Alexander Forbes, 4th Lord Forbes of Pitsligo (1678–1762) was a Scottish Jacobite nobleman and refugee, also known as a writer.
==Life==

He was the only son of Alexander Forbes, 3rd Lord Forbes of Pitsligo, by Lady Sophia Erskine, third daughter of John, ninth earl of Mar, and was born 22 May 1678. He succeeded to the estates and title on the death of his father in 1691.
In early manhood, he travelled in France, made the acquaintance of Fénelon, and was introduced by him to Madame Guyon and other quietists. Their influence led him to devote attention to the mystical writers. He was an adherent of the Protestant Episcopal Church of Scotland, and a supporter of the exiled Stuart family. He was strongly opposed to the Act of Union, and on the oath of abjuration being extended to Scotland, ceased to attend Parliament.
Having taken part in the Jacobite Rebellion of 1715 he was compelled, after the retreat of Mar, to take refuge on the continent. In 1720 he returned to Scotland, taking up residence mainly at Pitsligo, where he continued a correspondence with the quietists, and engaged in a kind of transcendental devotion.
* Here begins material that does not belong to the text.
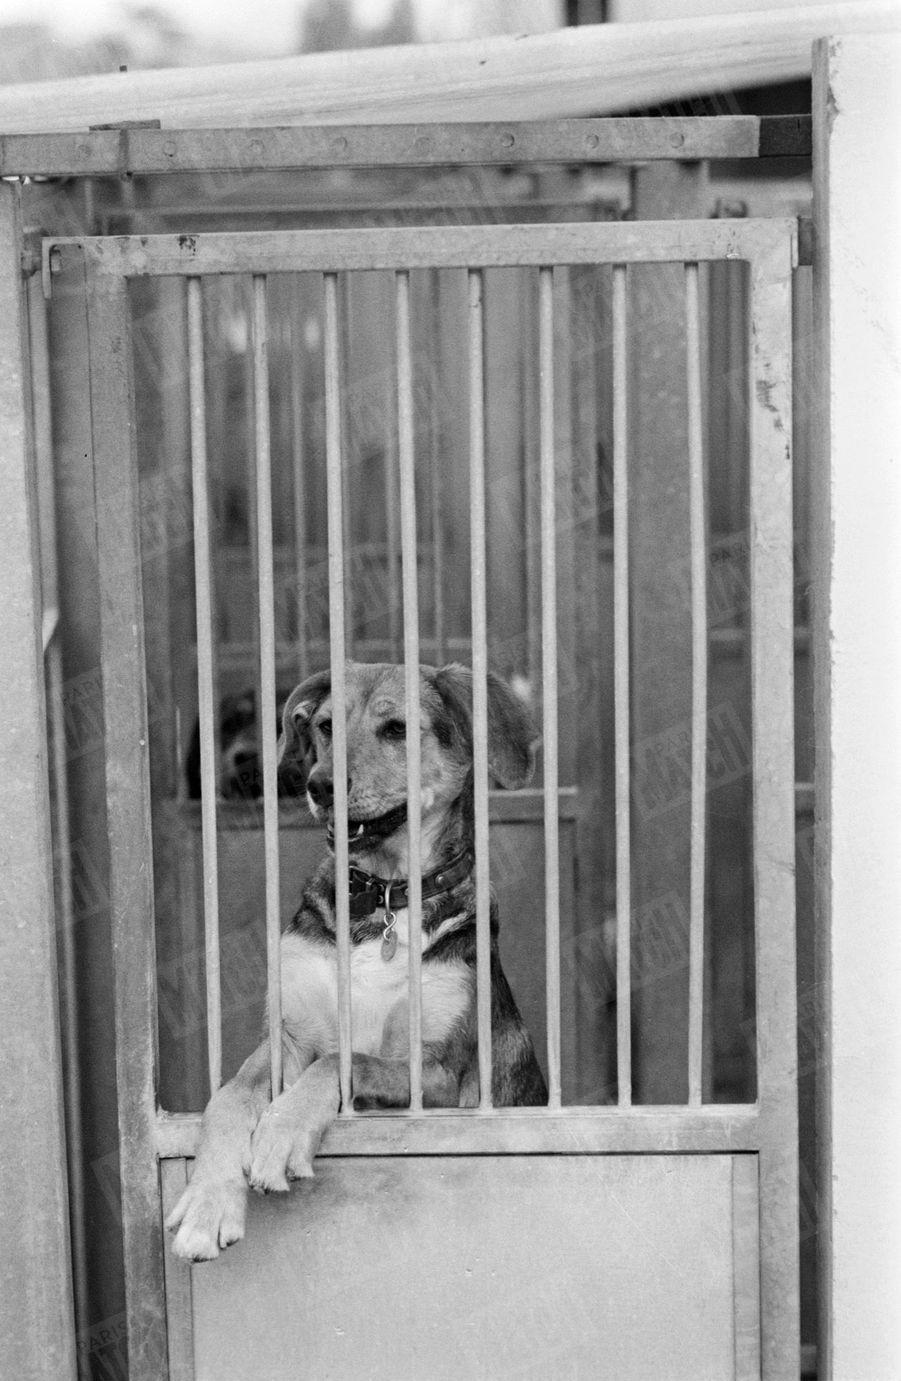 Un chien à adopter, au refuge SPA Grammont de Gennevilliers.

On the outbreak of the Jacobite Rebellion of 1745, though sixty-seven years of age and asthmatic, he took up arms on behalf of the Stuarts. He raised a regiment of cavalry, numbering about a hundred, and composed chiefly of Aberdeenshire gentlemen and their tenants. He arrived at Edinburgh on 8 October 1745, a few days after the Jacobite victory at the battle of Prestonpans. After the defeat at the battle of Culloden he remained in hiding near Pitsligo. His main place of concealment was a cave constructed in the arch of a bridge at a remote spot on the moors, and disguised himself as a beggar.
His estates were seized in 1748, but in the act of attainder he was named Lord Pitsligo, a misnomer for Lord Forbes of Pitsligo. On this account he tried to obtain a reversal of the attainder, but though the court of session gave judgment in his favour 10 November 1749, this decision was reversed on appeal to the House of Lords 1 February 1750. After this the search for him relaxed, and he stayed for the most part with his son at Auchiries, under the name of Mr. Brown. The Countess of Erroll conveyed messages to him using the services of Jamie Fleeman, the Laird of Udny's fool. In March 1756 a party was sent to search for him, but he hid behind a wainscot, concealed by a bed in which a lady slept. He died on 21 December 1762.